Die Geschichte holt in mir gerade Erinnerungen an viele Momente hoch, in denen ich die Welt nicht verstanden habe.
Als Kind und auch als Erwachsene.

Deswegen lieber *blumenschenk* als ein "danke dafür".
Liebe @****na

Ich bin ein KleineDosenSammler und bis auf eine sind Alle leer. In dieser Porzellandose mit einem sehr feinen, persischen Pfauenmotiv in blau und Gold ist etwas Kokosbutter. Manchmal gebe ich noch einen Tropfen Rosenwasser, Lorbeer- oder Rosmarinöl dazu. Einer silbernen Jugendstil Schnupftabakdose werde ich immer nachtrauern. Ich konnte mich nicht überwinden sie zu klauen. Sie gehörte Niemand und jetzt ist sie weg - für immer.
Das erinnert mich an einen nassen Novembermorgen. Ich fuhr hinter einem Laster her, der in akrobatischer Verantwortungslosigkeit durch eine viel zu schmale Landstraße donnerte und Wolken von aufgescheuchtem Wasser und weißen Federn hinter sich herzog. Die Hühner aus dem Hühner-KZ, die er geladen hatte, kommen in der Großschlachterei schon fertig gerupft und gekühlt an - nur tot sind sie noch nicht.
Plötzlich flog ein ganzes Huhn durch die Luft, flatterte hilflos bevor es am Straßenrand aufschlug und ich fuhr weiter. Ich hatte es noch eiliger als der Laster. Ich dachte, das Huhn verscheißt mir das ganze Auto, wenn ich es mitnehme und außerdem wird die Ausstellungseröffnung, über die ich berichten wollte, vorbei sein, wenn ich jetzt auch noch umkehre um ein halbfertig gerupftes Huhn aufzusammeln. Als ich nach der Vernissage zurück kam, war das Huhn weg.
Seither muss ich immer wenn ich auf dieser Straße fahre an dieses Huhn denken, seit mindestens zwanzig Jahren. Ich hätte ein Holzhäuschen im Garten bauen können.
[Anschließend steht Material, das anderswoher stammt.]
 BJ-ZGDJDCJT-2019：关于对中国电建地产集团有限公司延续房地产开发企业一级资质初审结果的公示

So ein Huhn kostet ab Hühner-KZ kaum einen Euro, ist also nahezu wertlos. Ich esse Hühner, Kälber, Schweine, Rinder, Lämmer, Tauben, Fische oder Muscheln und Krebse, das ist nicht die Frage. Nur dieses eine Huhn hätte ich mitnehmen und bei mir wohnen lassen sollen. Wir hätten ein schönes Leben miteinander gehabt, wären Freunde geworden und ich hätte geweint, wenn es gestorben wäre. Vor Allem aber hätte ich einem missachtetem Huhn das mir vor die Füße geworfen wurde, die Achtung entgegengebracht, die es verdient und könnte mir dafür ein paar Sünden vergeben.
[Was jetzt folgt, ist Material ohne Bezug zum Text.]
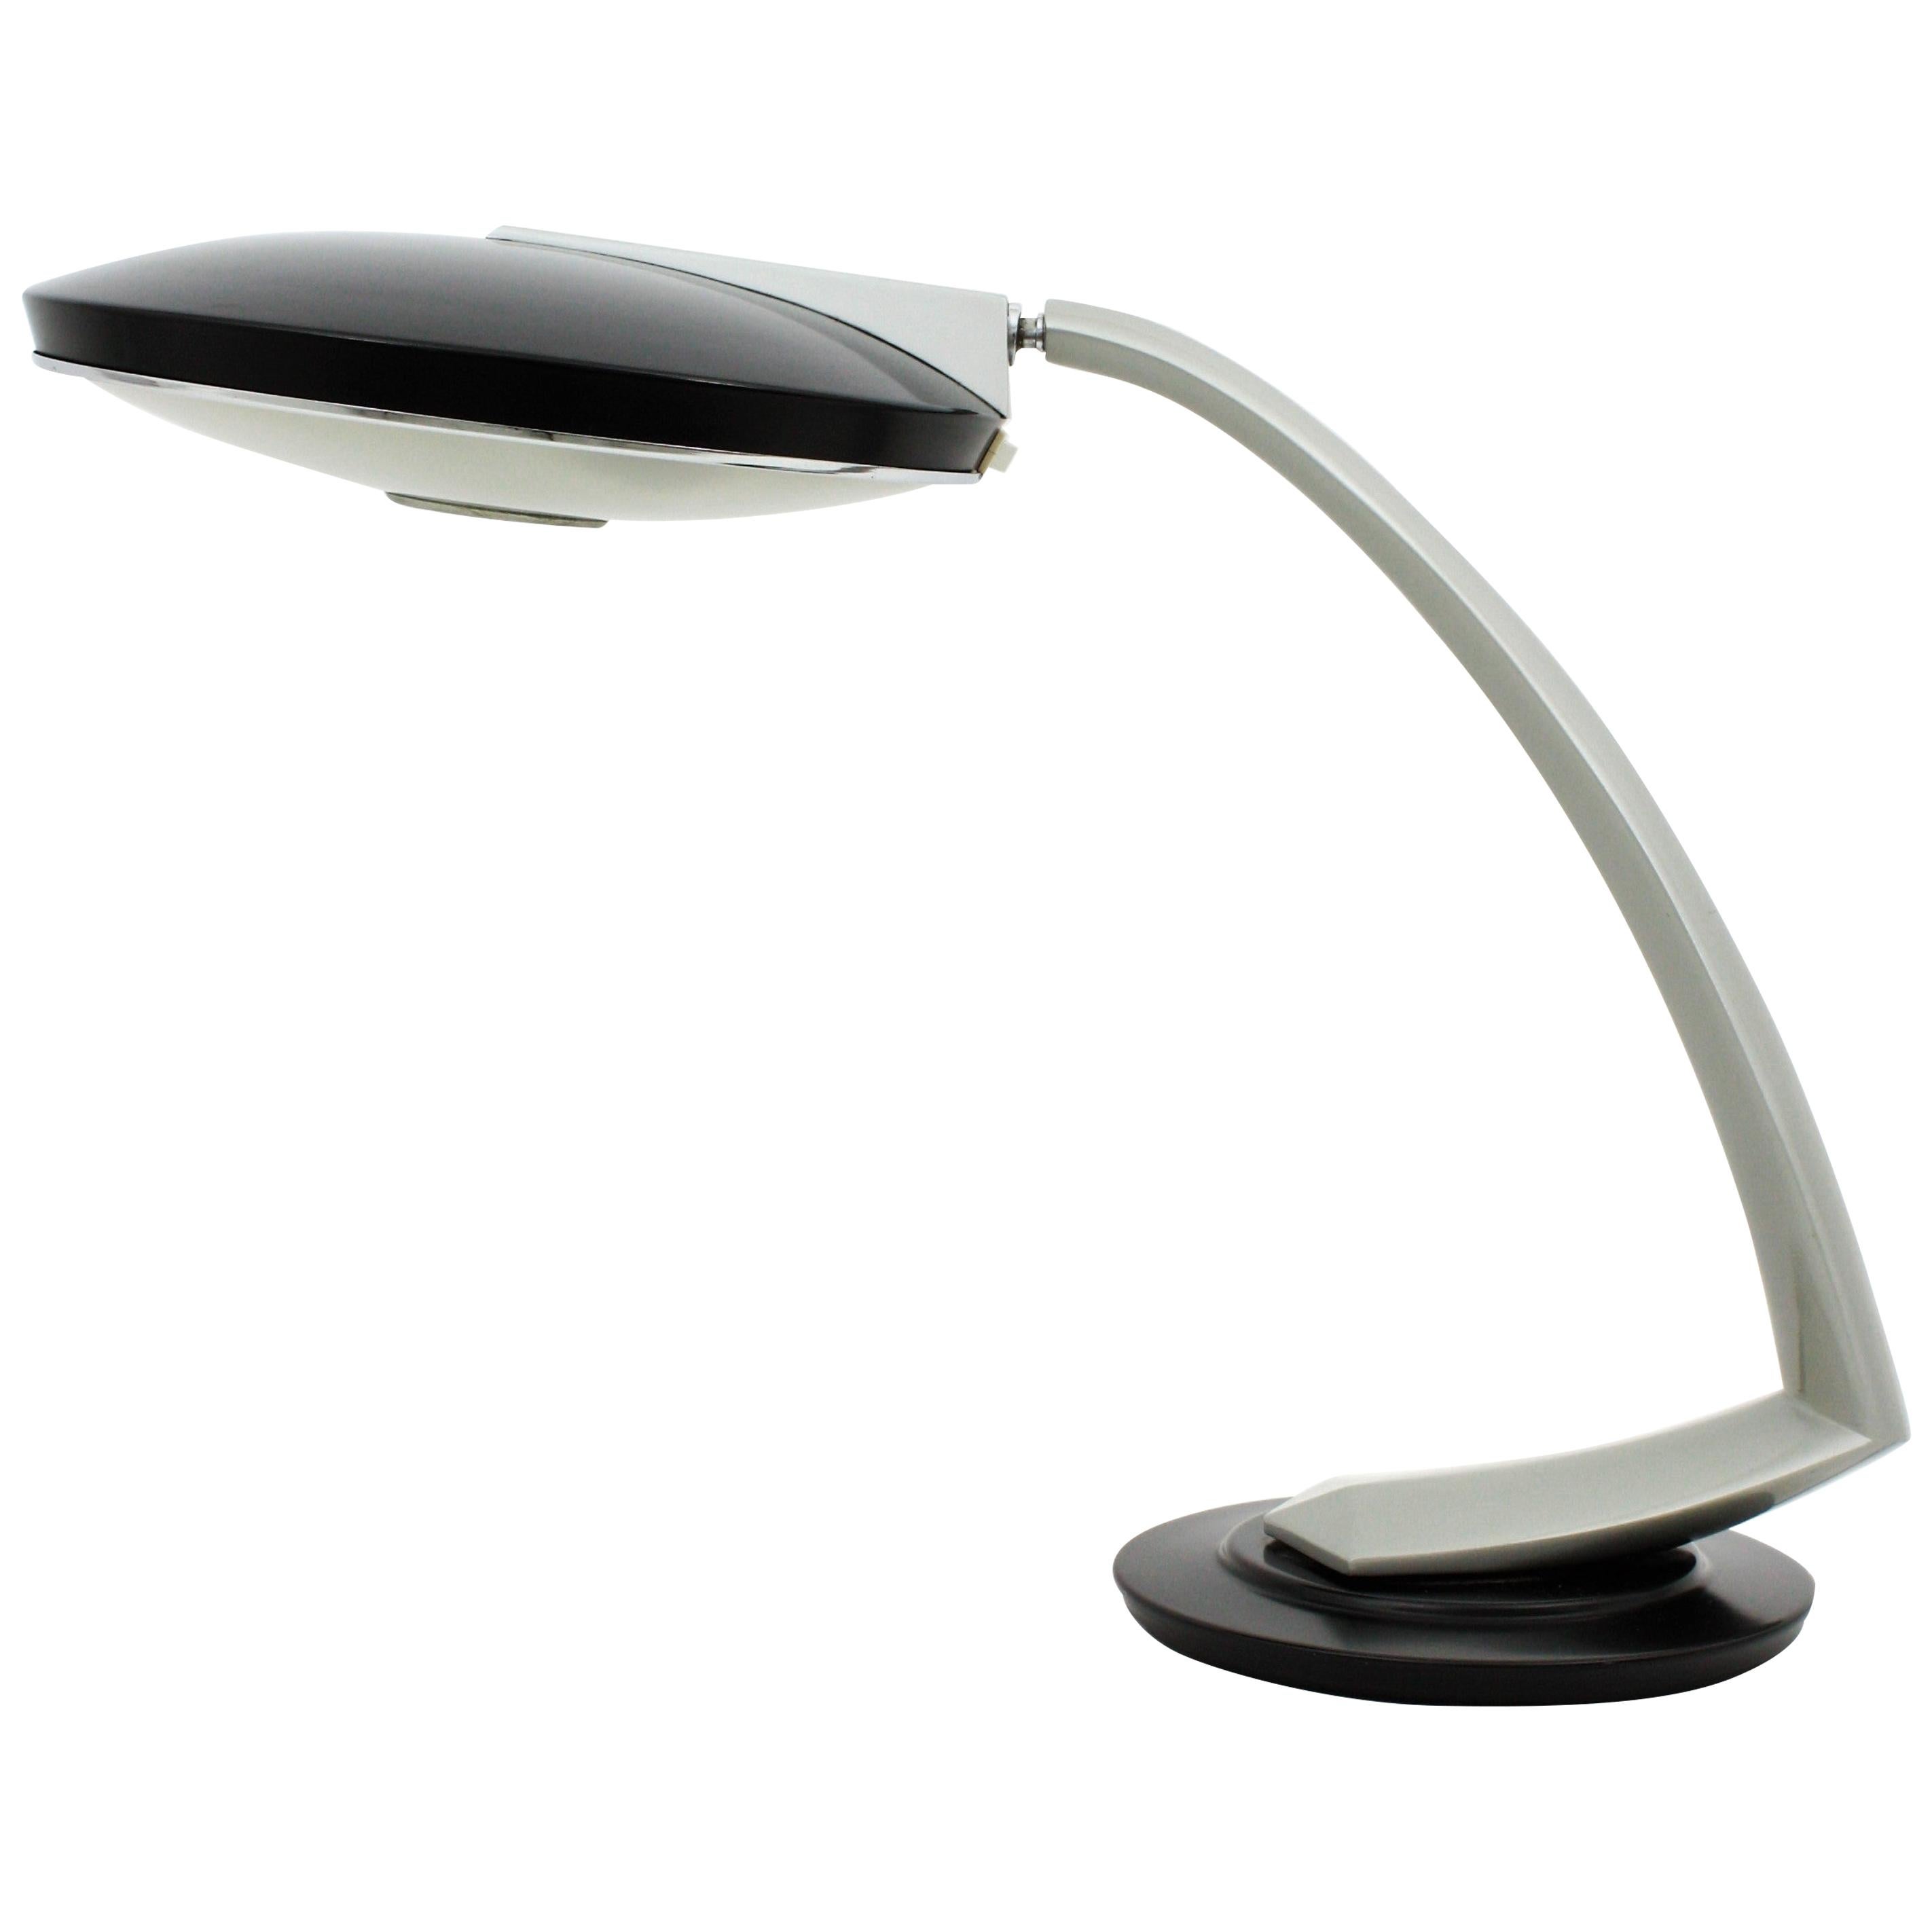 Desk lamp model

Danke Ozeana, dass Du mir gezeigt hast, dass meine Dosen gar nicht leer sind, sondern voller Erinnerungen.
@*********htar
Das ist wirklich das Beste, was ich je von dir gelesen habe.
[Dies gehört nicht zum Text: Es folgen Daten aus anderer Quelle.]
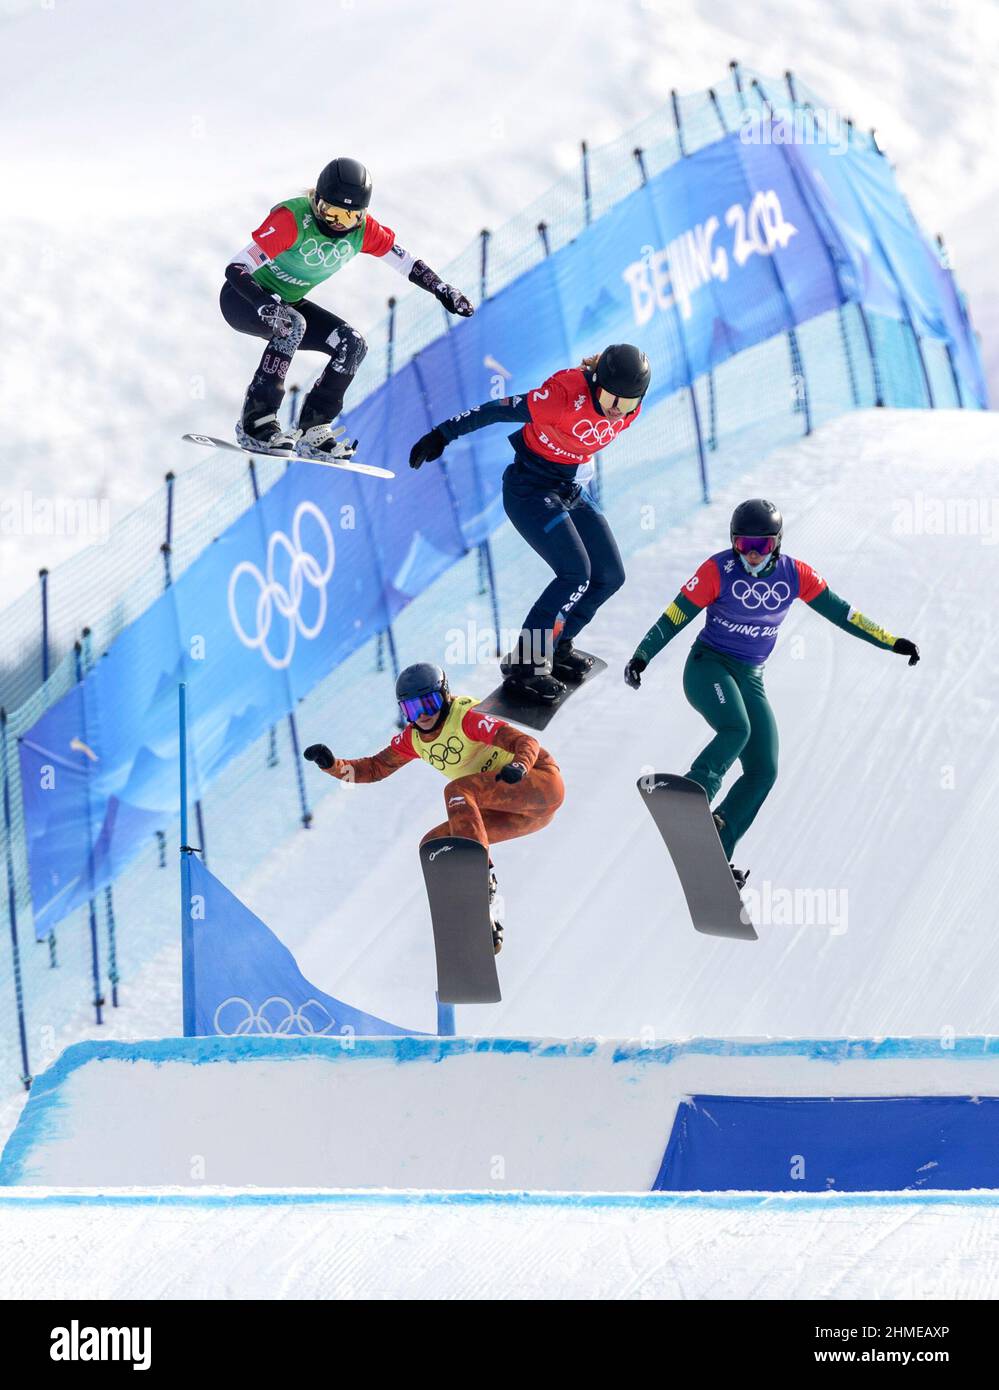 Zhangjiakou, province du Hebei, au nord de la Chine. 9th févr. 2022. Faye Gulini, des États-Unis, Charlotte Bankes, de Grande-Bretagne, Belle Brockhoff, d'Australie, et Tess Critchlow, du Canada (de haut en bas), se disputent le quart-finale féminine des Jeux olympiques d'hiver de Beijing 2022 au Genting Snow Park, à Zhangjiakou, dans la province de Hebei, en Chine du Nord, le 9 février 2022. Credit: FEI Maohua/Xinhua/Alamy Live News Banque D'Images

Und ich schäme mich bis heute, dass ich auf der Autofahrt durch's nächtliche Tbilisi den Fahrer (immerhin meinen Ex-Mann) nicht zum Anhalten bewegt habe.
Um nachzusehen, welchem Tier der Todesschrei entwichen war.

Im "Tiere erlösen" bin ich nämlich leider, leider sehr gut.
Aber das versteht kaum jemand.
*g*
*********enTe Frau
1.588 Beiträge
Dein Wortwerk tröstet mich. Wie wohltuend Stellvertreter manchmal sein können.
Du hast eine wunderschöne Gabe, Ozeana, du berührst Menschen in ihrem Inneren.
Mich. Immer wieder.
**********ddler Mann
49 Beiträge
Erneut eine schöne, eine melancholisch-schöne Geschchte und:
"ein Lächeln, das scheitert" ist einfach sensationell!